Even then, at the callow age where, had I not readily volunteered for the task, my presence in the kitchen might have been construed as child labour; I could see that vegetarians were getting (pardon the pun) a raw deal.

In those days, before health & hygiene outlawed its use, there was a never-ending stockpot simmering on the stove. All manner of meat waste and veg shavings went in and this formed the base of all soups. Thus a large tin of powdered soup (always asparagus, always years old) was kept at the back of the store cupboard for veggie diners. Boiled eggs, readily to hand for the then inexplicably popular egg curry, could be topped with mayonnaise - hand whisked mayo (pinch of cayenne pepper, blob of English mustard) not the pallid Hellman's we have become accustomed to - or, a touch of the exotic; half avocado on a mountain of taste-free iceberg lettuce, with a ladle of vinaigrette dressing in the de-stoned hole. Starters covered then...

“And to follow?" The waiter would ask, needlessly, for the answer was always the same. The second chef's face would take on the expression of someone who has just been asked to open the new wing of a crematorium; “We can offer a cheese salad." (Think salad niçoise with the tuna replaced by grated orange cheddar.) “Oh, and the ham and mushroom omelette, without the ham." The waiter would nod, click his heels, and walk away as if he had been given the ambrosia of the gods to offer his diners.

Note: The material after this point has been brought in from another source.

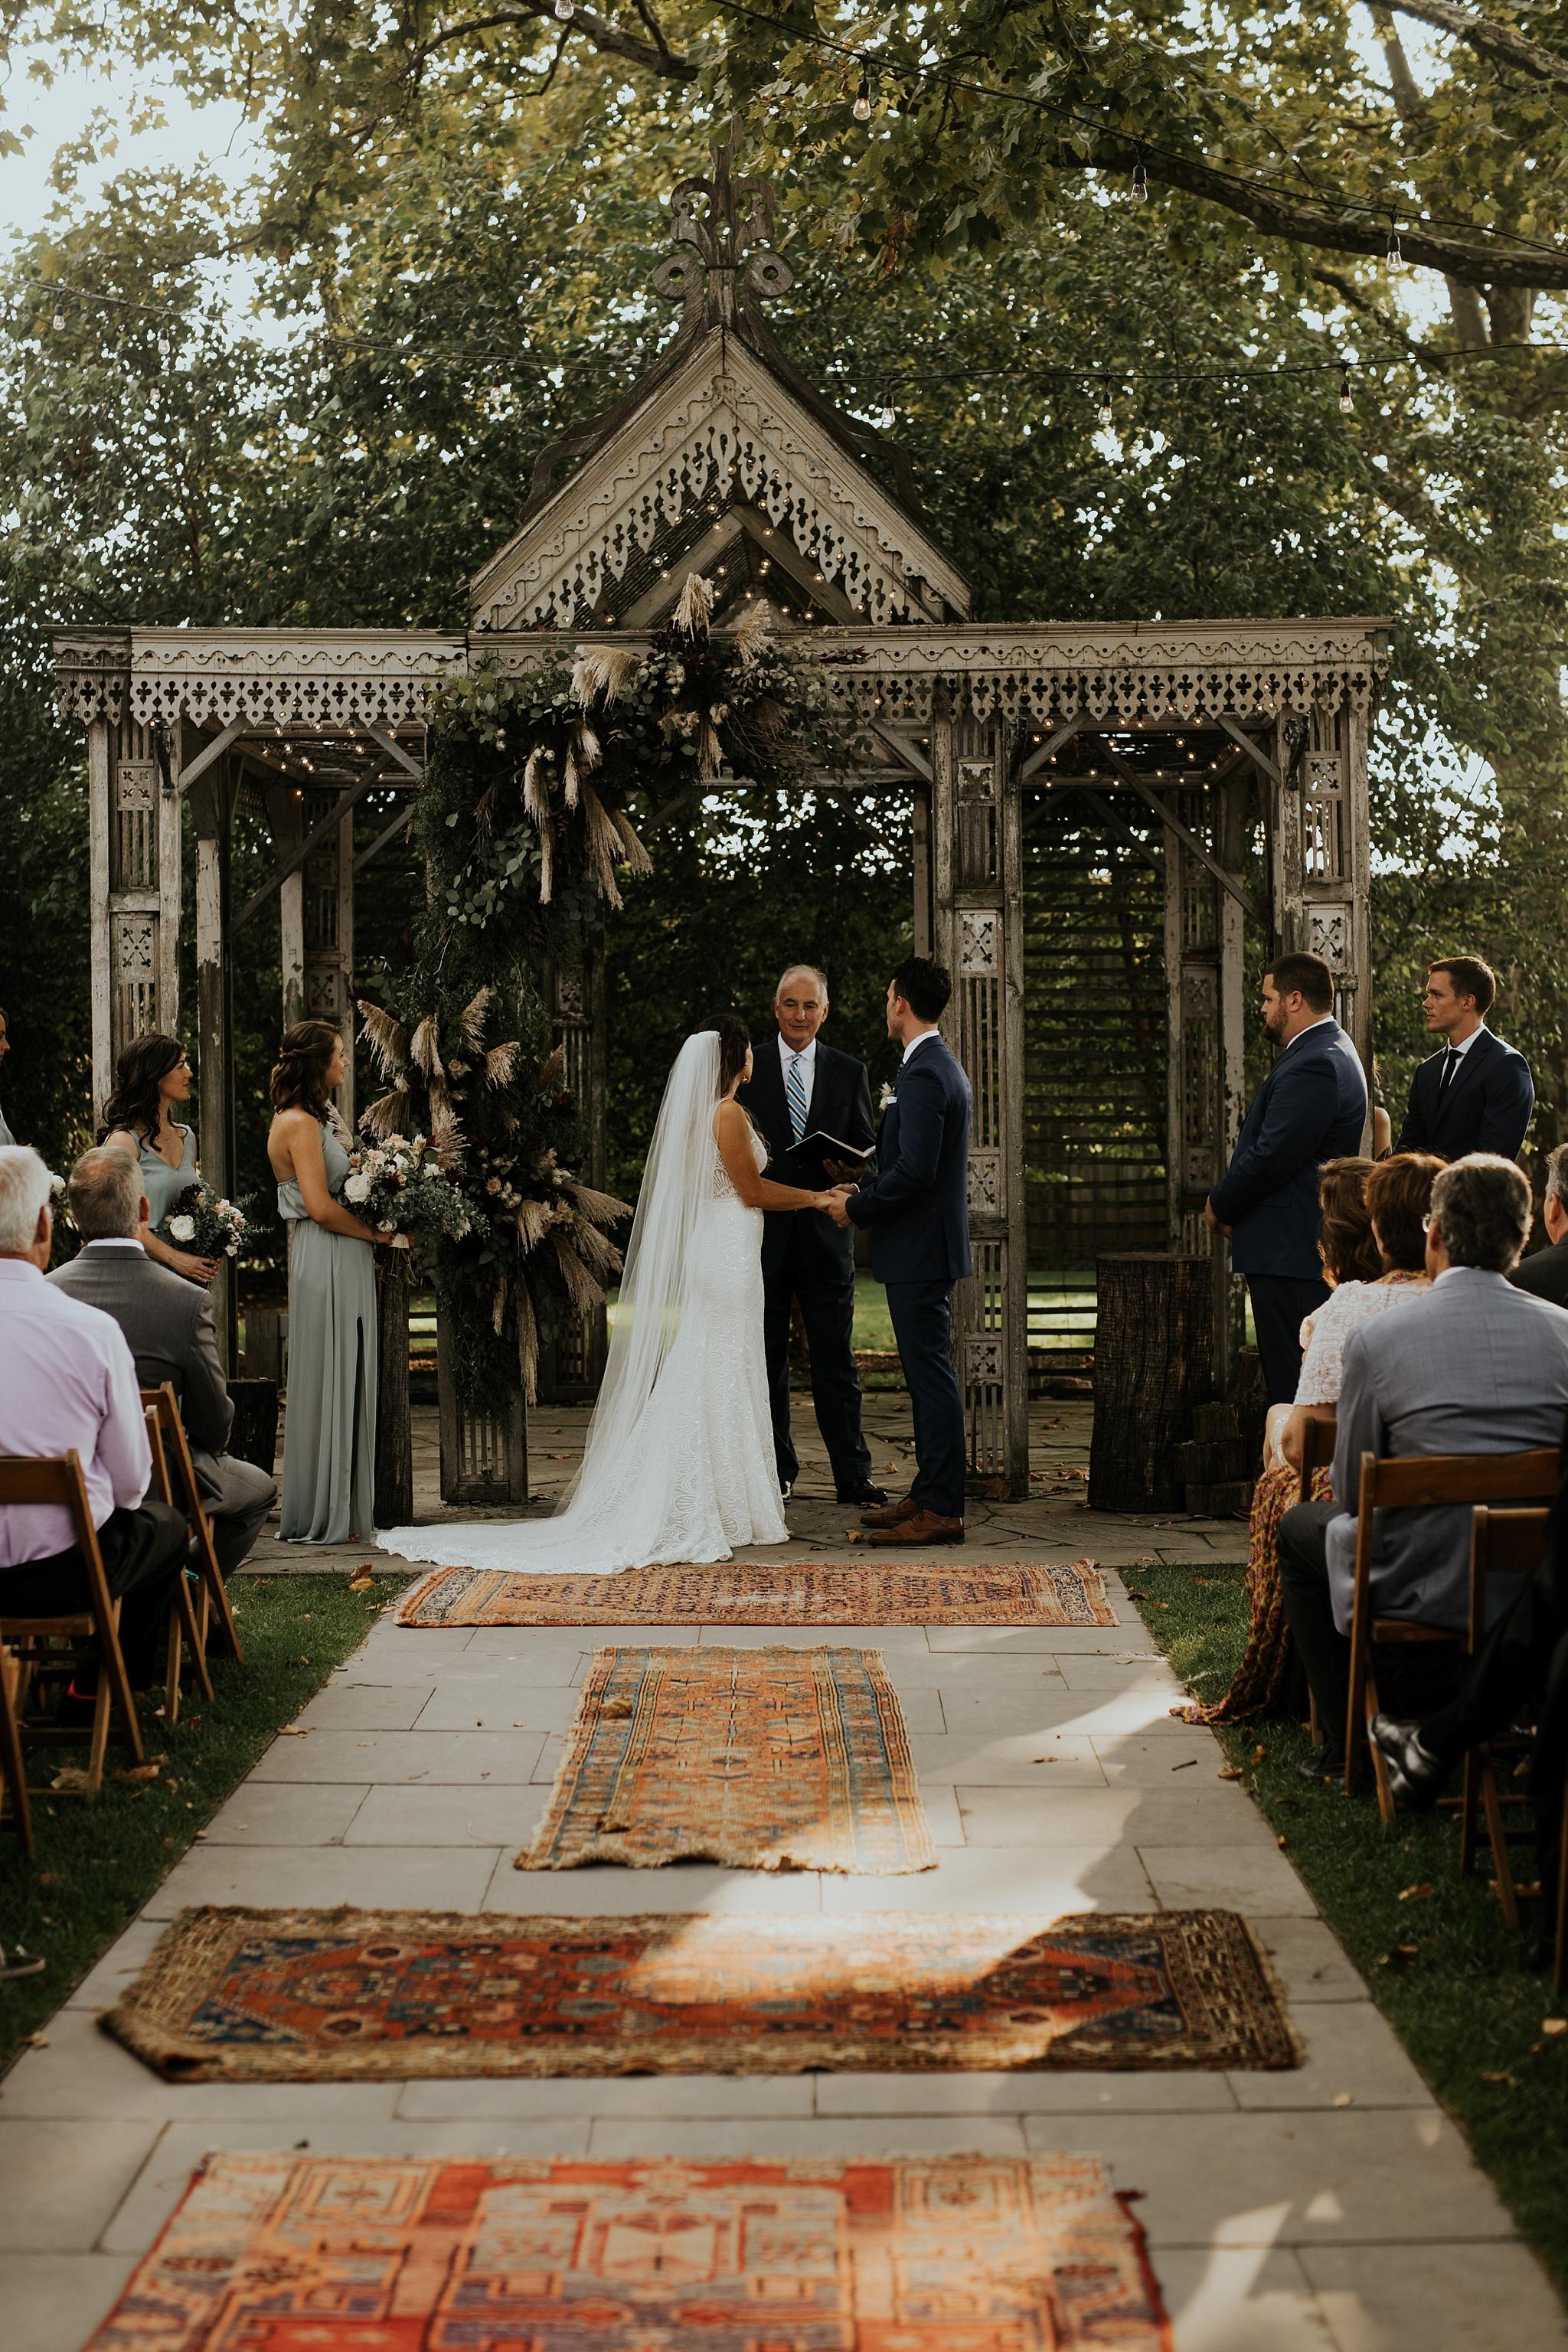 Heartfelt Botanical Terrain at Styers Wedding in Glenn Mills Pennslyvania by Trin Jensen Photography_0028.jpg

We should not, however, pat ourselves on the back too much about the steps taken since. We have the ground breaking Terre a Terre in Brighton and most Michelin chefs offer a considered vegetarian tasting menu, but the average - indeed above average - chef (still wilfully stubborn about vegetarians) would, after a cursory glance at the menu, offer; “Give them the goat's cheese without the black pudding and then the herb risotto from the halibut dish."